#### TASK TO CARRY OUT
The material below must be output exactly, line for line.

______________________________

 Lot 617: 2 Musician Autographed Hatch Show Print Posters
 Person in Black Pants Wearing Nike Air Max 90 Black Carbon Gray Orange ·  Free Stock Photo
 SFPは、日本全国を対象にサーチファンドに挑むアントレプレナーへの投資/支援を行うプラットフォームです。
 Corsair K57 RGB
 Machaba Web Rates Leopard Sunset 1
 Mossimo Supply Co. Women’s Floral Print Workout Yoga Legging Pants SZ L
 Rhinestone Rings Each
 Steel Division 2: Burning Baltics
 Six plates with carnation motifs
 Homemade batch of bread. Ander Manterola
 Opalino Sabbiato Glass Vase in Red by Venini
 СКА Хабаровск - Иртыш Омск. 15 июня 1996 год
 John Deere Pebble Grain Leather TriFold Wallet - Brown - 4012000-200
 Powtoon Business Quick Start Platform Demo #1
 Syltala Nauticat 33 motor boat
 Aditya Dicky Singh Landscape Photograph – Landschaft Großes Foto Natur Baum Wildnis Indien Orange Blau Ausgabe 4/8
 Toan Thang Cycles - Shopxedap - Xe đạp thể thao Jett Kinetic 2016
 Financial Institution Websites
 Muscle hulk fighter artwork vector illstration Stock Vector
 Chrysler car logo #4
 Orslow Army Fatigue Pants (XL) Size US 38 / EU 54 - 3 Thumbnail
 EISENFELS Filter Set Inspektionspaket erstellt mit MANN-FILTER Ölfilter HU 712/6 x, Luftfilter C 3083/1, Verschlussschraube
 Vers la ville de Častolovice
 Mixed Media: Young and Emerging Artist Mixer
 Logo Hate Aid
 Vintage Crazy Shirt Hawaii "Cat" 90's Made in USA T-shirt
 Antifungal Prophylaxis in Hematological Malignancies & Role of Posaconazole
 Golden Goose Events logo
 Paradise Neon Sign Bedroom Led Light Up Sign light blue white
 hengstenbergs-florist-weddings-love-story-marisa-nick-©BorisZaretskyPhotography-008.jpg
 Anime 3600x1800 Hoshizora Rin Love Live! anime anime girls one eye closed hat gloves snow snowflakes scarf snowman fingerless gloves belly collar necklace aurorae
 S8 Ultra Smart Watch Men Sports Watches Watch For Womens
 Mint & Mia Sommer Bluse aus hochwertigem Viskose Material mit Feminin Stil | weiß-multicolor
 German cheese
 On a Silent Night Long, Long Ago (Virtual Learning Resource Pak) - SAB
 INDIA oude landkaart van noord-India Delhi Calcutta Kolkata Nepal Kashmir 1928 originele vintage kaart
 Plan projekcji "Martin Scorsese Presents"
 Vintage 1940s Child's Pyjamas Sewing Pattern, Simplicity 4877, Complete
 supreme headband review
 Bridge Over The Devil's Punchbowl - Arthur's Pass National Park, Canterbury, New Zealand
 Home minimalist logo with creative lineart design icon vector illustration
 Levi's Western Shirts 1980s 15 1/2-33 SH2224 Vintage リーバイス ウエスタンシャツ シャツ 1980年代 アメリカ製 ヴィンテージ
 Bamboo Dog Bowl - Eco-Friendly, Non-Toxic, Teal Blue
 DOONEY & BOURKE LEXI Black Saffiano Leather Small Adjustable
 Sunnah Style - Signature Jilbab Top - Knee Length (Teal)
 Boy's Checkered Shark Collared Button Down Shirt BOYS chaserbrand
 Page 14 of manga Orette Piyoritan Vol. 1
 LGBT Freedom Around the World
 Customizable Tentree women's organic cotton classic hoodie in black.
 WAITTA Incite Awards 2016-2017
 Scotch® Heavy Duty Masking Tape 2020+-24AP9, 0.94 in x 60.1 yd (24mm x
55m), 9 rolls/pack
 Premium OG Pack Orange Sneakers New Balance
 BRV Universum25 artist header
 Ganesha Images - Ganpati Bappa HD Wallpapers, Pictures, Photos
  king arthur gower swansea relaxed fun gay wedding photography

______________________________

#### SOLUTION
 Lot 617: 2 Musician Autographed Hatch Show Print Posters
 Person in Black Pants Wearing Nike Air Max 90 Black Carbon Gray Orange ·  Free Stock Photo
 SFPは、日本全国を対象にサーチファンドに挑むアントレプレナーへの投資/支援を行うプラットフォームです。
 Corsair K57 RGB
 Machaba Web Rates Leopard Sunset 1
 Mossimo Supply Co. Women’s Floral Print Workout Yoga Legging Pants SZ L
 Rhinestone Rings Each
 Steel Division 2: Burning Baltics
 Six plates with carnation motifs
 Homemade batch of bread. Ander Manterola
 Opalino Sabbiato Glass Vase in Red by Venini
 СКА Хабаровск - Иртыш Омск. 15 июня 1996 год
 John Deere Pebble Grain Leather TriFold Wallet - Brown - 4012000-200
 Powtoon Business Quick Start Platform Demo #1
 Syltala Nauticat 33 motor boat
 Aditya Dicky Singh Landscape Photograph – Landschaft Großes Foto Natur Baum Wildnis Indien Orange Blau Ausgabe 4/8
 Toan Thang Cycles - Shopxedap - Xe đạp thể thao Jett Kinetic 2016
 Financial Institution Websites
 Muscle hulk fighter artwork vector illstration Stock Vector
 Chrysler car logo #4
 Orslow Army Fatigue Pants (XL) Size US 38 / EU 54 - 3 Thumbnail
 EISENFELS Filter Set Inspektionspaket erstellt mit MANN-FILTER Ölfilter HU 712/6 x, Luftfilter C 3083/1, Verschlussschraube
 Vers la ville de Častolovice
 Mixed Media: Young and Emerging Artist Mixer
 Logo Hate Aid
 Vintage Crazy Shirt Hawaii "Cat" 90's Made in USA T-shirt
 Antifungal Prophylaxis in Hematological Malignancies & Role of Posaconazole
 Golden Goose Events logo
 Paradise Neon Sign Bedroom Led Light Up Sign light blue white
 hengstenbergs-florist-weddings-love-story-marisa-nick-©BorisZaretskyPhotography-008.jpg
 Anime 3600x1800 Hoshizora Rin Love Live! anime anime girls one eye closed hat gloves snow snowflakes scarf snowman fingerless gloves belly collar necklace aurorae
 S8 Ultra Smart Watch Men Sports Watches Watch For Womens
 Mint & Mia Sommer Bluse aus hochwertigem Viskose Material mit Feminin Stil | weiß-multicolor
 German cheese
 On a Silent Night Long, Long Ago (Virtual Learning Resource Pak) - SAB
 INDIA oude landkaart van noord-India Delhi Calcutta Kolkata Nepal Kashmir 1928 originele vintage kaart
 Plan projekcji "Martin Scorsese Presents"
 Vintage 1940s Child's Pyjamas Sewing Pattern, Simplicity 4877, Complete
 supreme headband review
 Bridge Over The Devil's Punchbowl - Arthur's Pass National Park, Canterbury, New Zealand
 Home minimalist logo with creative lineart design icon vector illustration
 Levi's Western Shirts 1980s 15 1/2-33 SH2224 Vintage リーバイス ウエスタンシャツ シャツ 1980年代 アメリカ製 ヴィンテージ
 Bamboo Dog Bowl - Eco-Friendly, Non-Toxic, Teal Blue
 DOONEY & BOURKE LEXI Black Saffiano Leather Small Adjustable
 Sunnah Style - Signature Jilbab Top - Knee Length (Teal)
 Boy's Checkered Shark Collared Button Down Shirt BOYS chaserbrand
 Page 14 of manga Orette Piyoritan Vol. 1
 LGBT Freedom Around the World
 Customizable Tentree women's organic cotton classic hoodie in black.
 WAITTA Incite Awards 2016-2017
 Scotch® Heavy Duty Masking Tape 2020+-24AP9, 0.94 in x 60.1 yd (24mm x
55m), 9 rolls/pack
 Premium OG Pack Orange Sneakers New Balance
 BRV Universum25 artist header
 Ganesha Images - Ganpati Bappa HD Wallpapers, Pictures, Photos
  king arthur gower swansea relaxed fun gay wedding photography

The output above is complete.